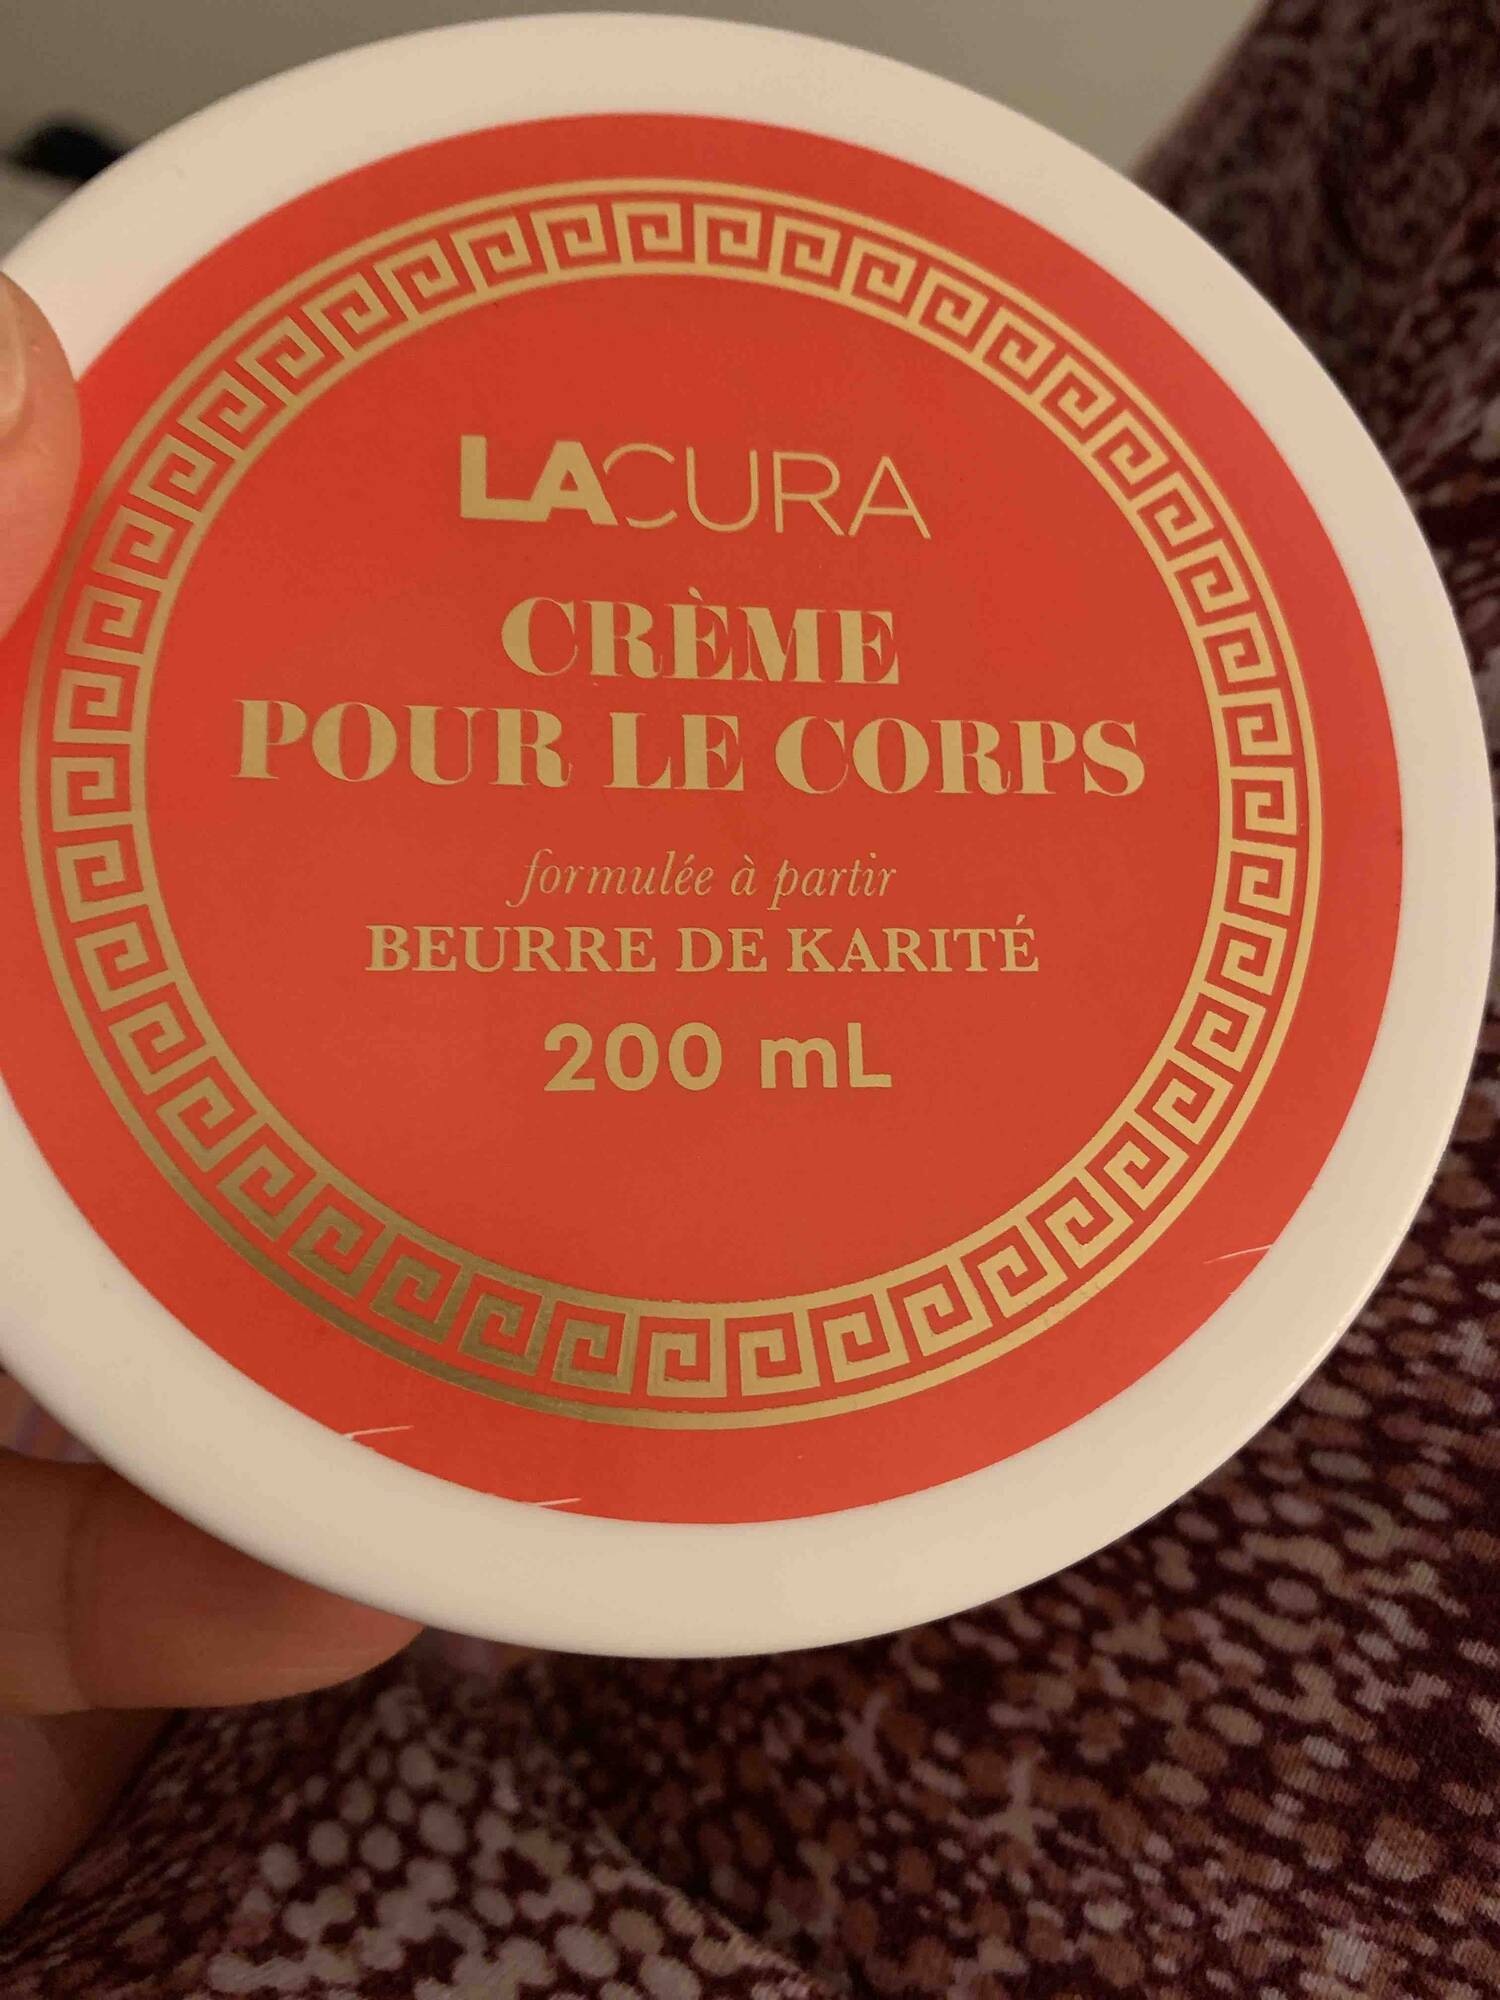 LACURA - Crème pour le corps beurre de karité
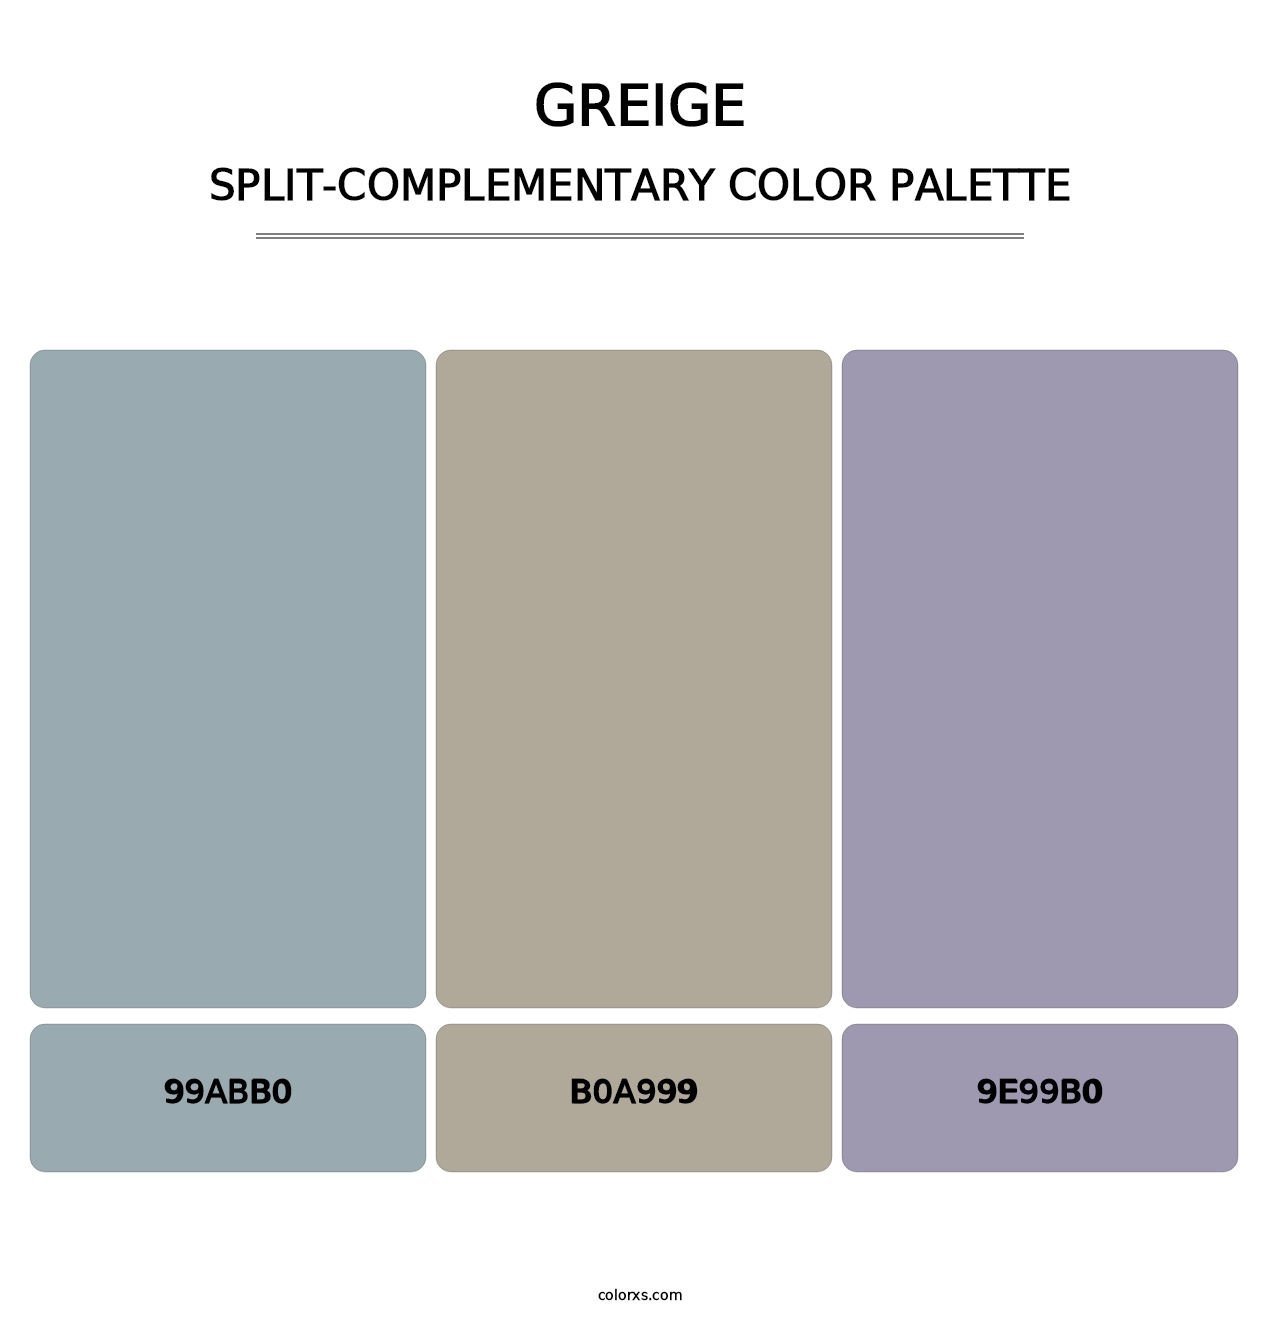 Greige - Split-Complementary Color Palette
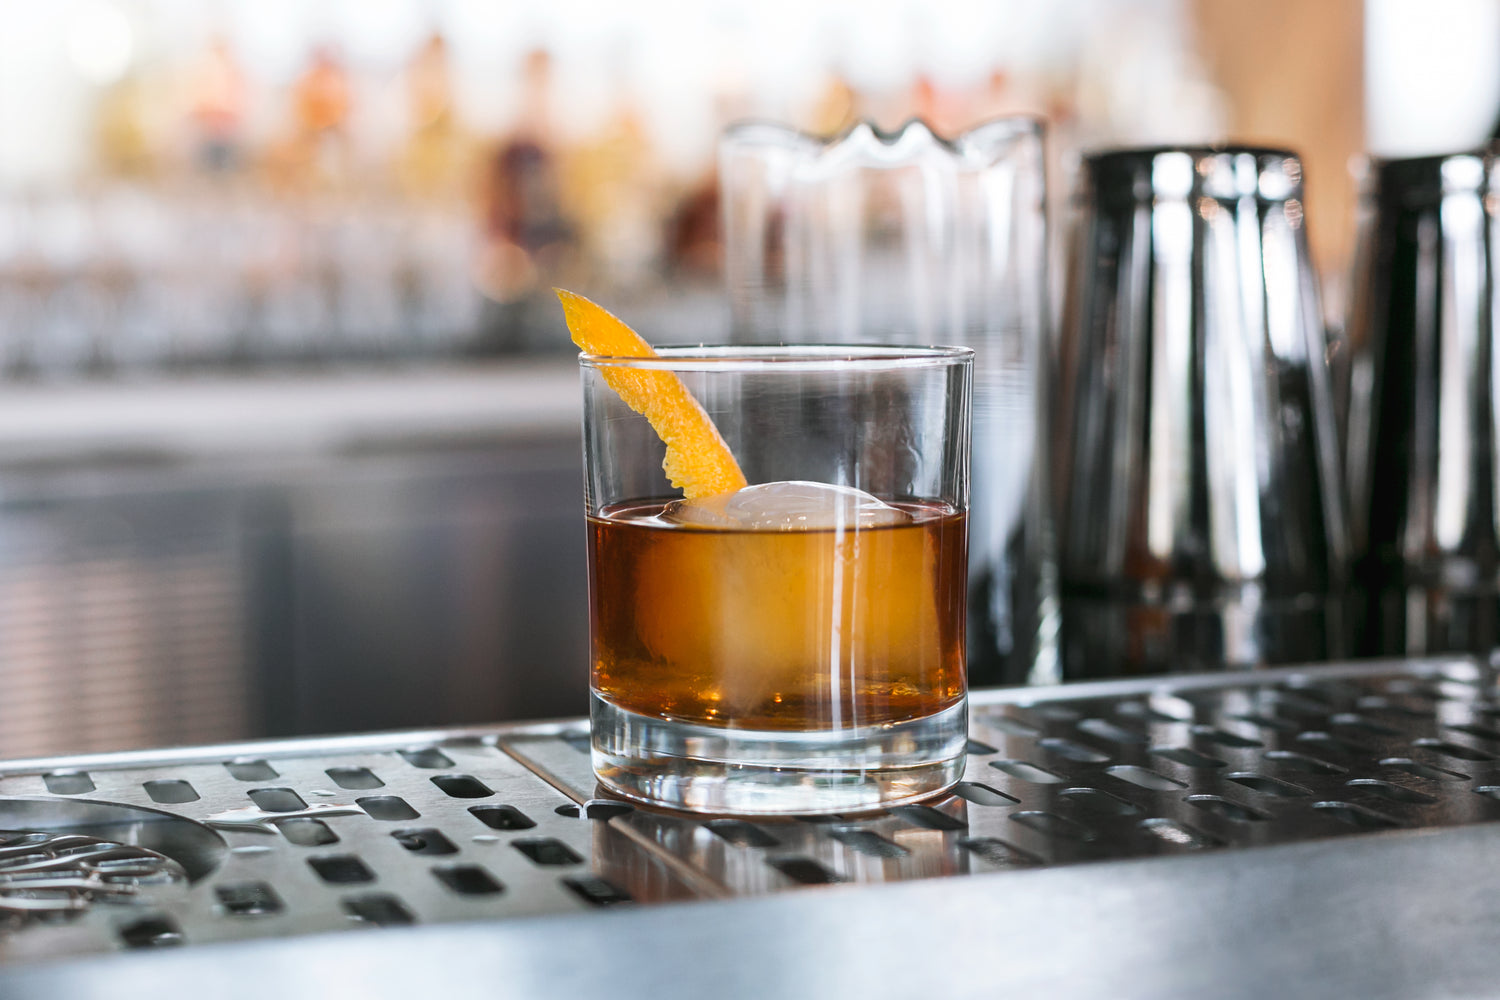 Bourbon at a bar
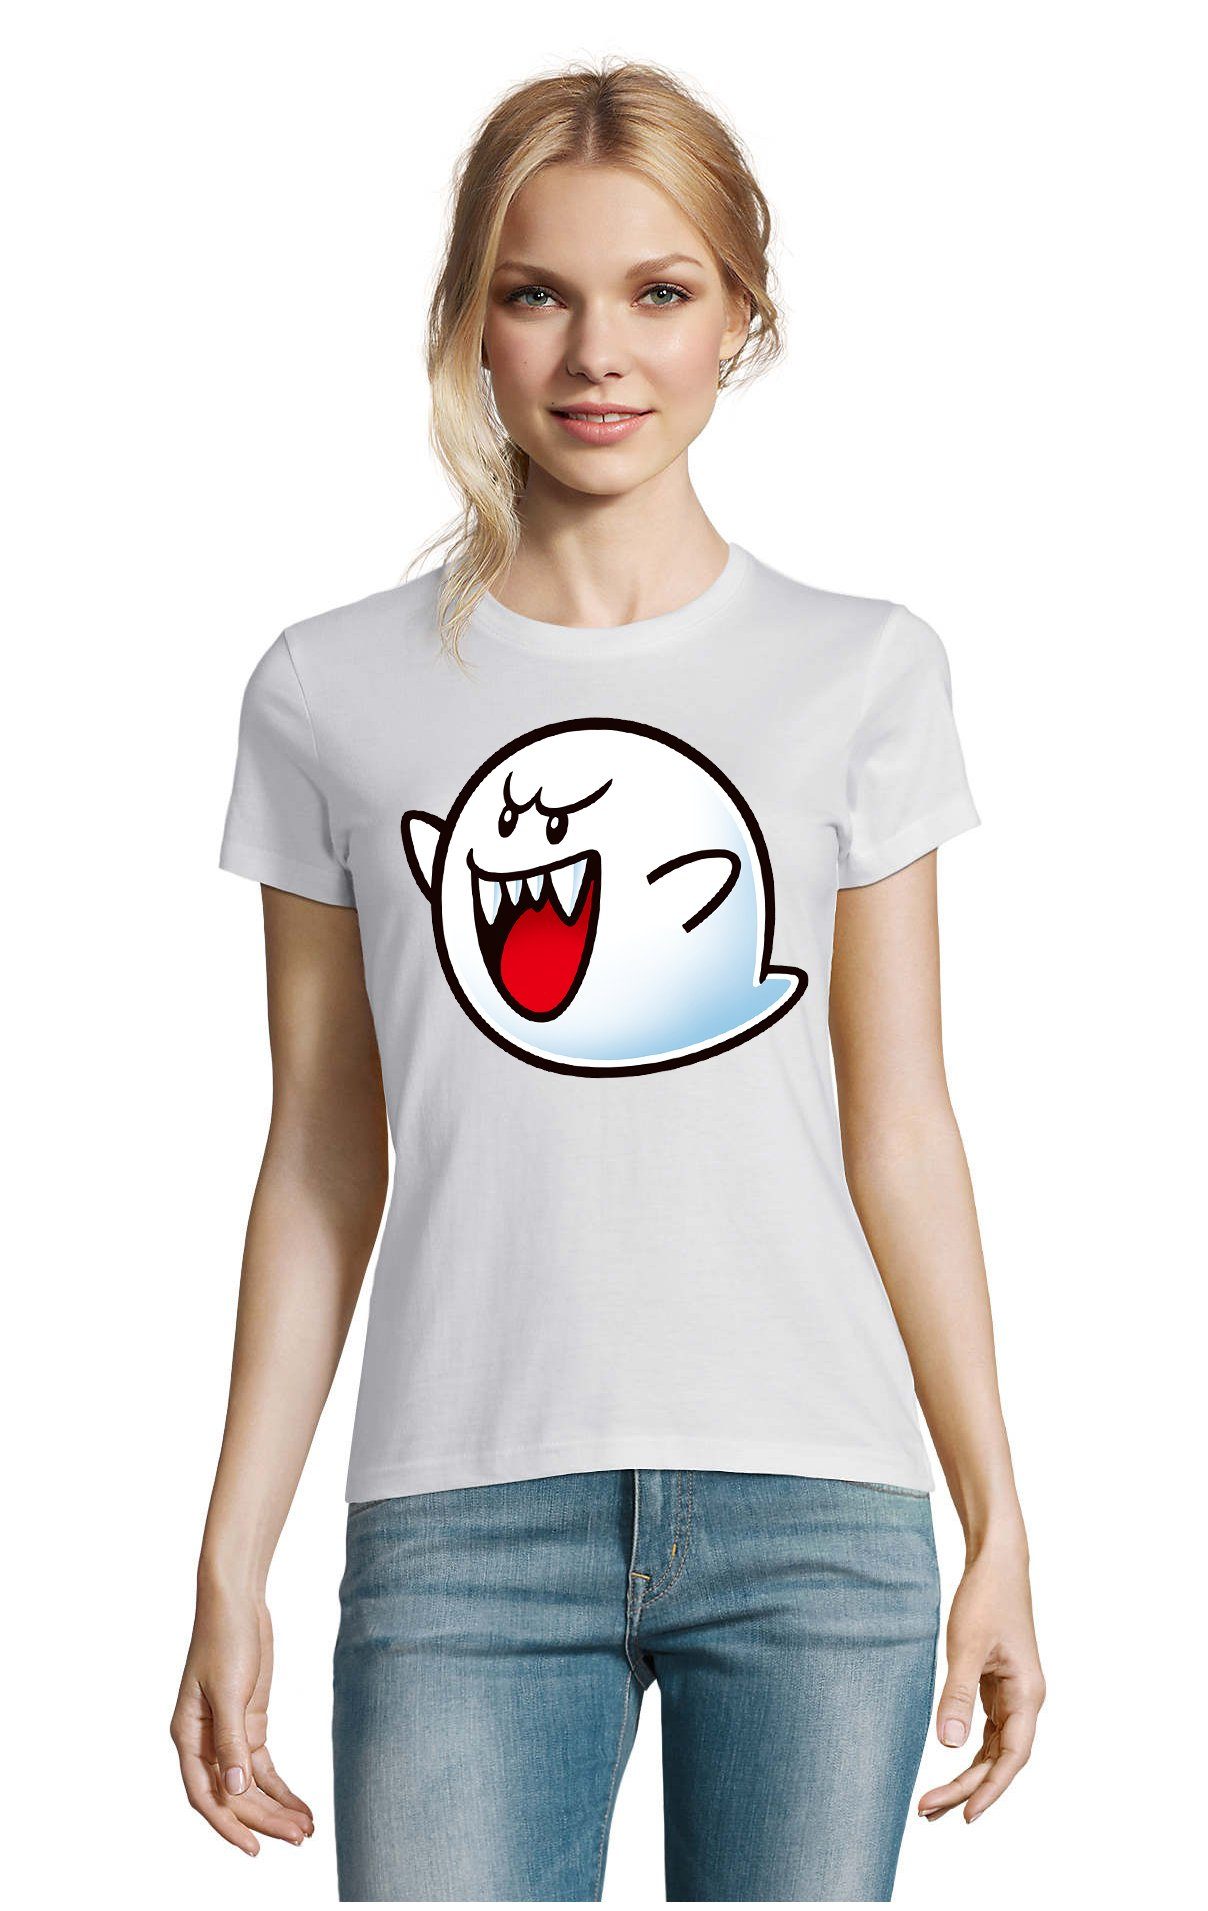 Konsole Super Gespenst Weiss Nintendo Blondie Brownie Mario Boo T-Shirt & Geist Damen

### What the exercise asks
Your task is to copy exactly the lines from the line containing "Greige - Split-Complementary Color Palette" through the final line of the listing above and to omit every picture.

### Exercise result
 Greige - Split-Complementary Color Palette
 Bourbon at a bar
 Konsole Super Gespenst Weiss Nintendo Blondie Brownie Mario Boo T-Shirt & Geist Damen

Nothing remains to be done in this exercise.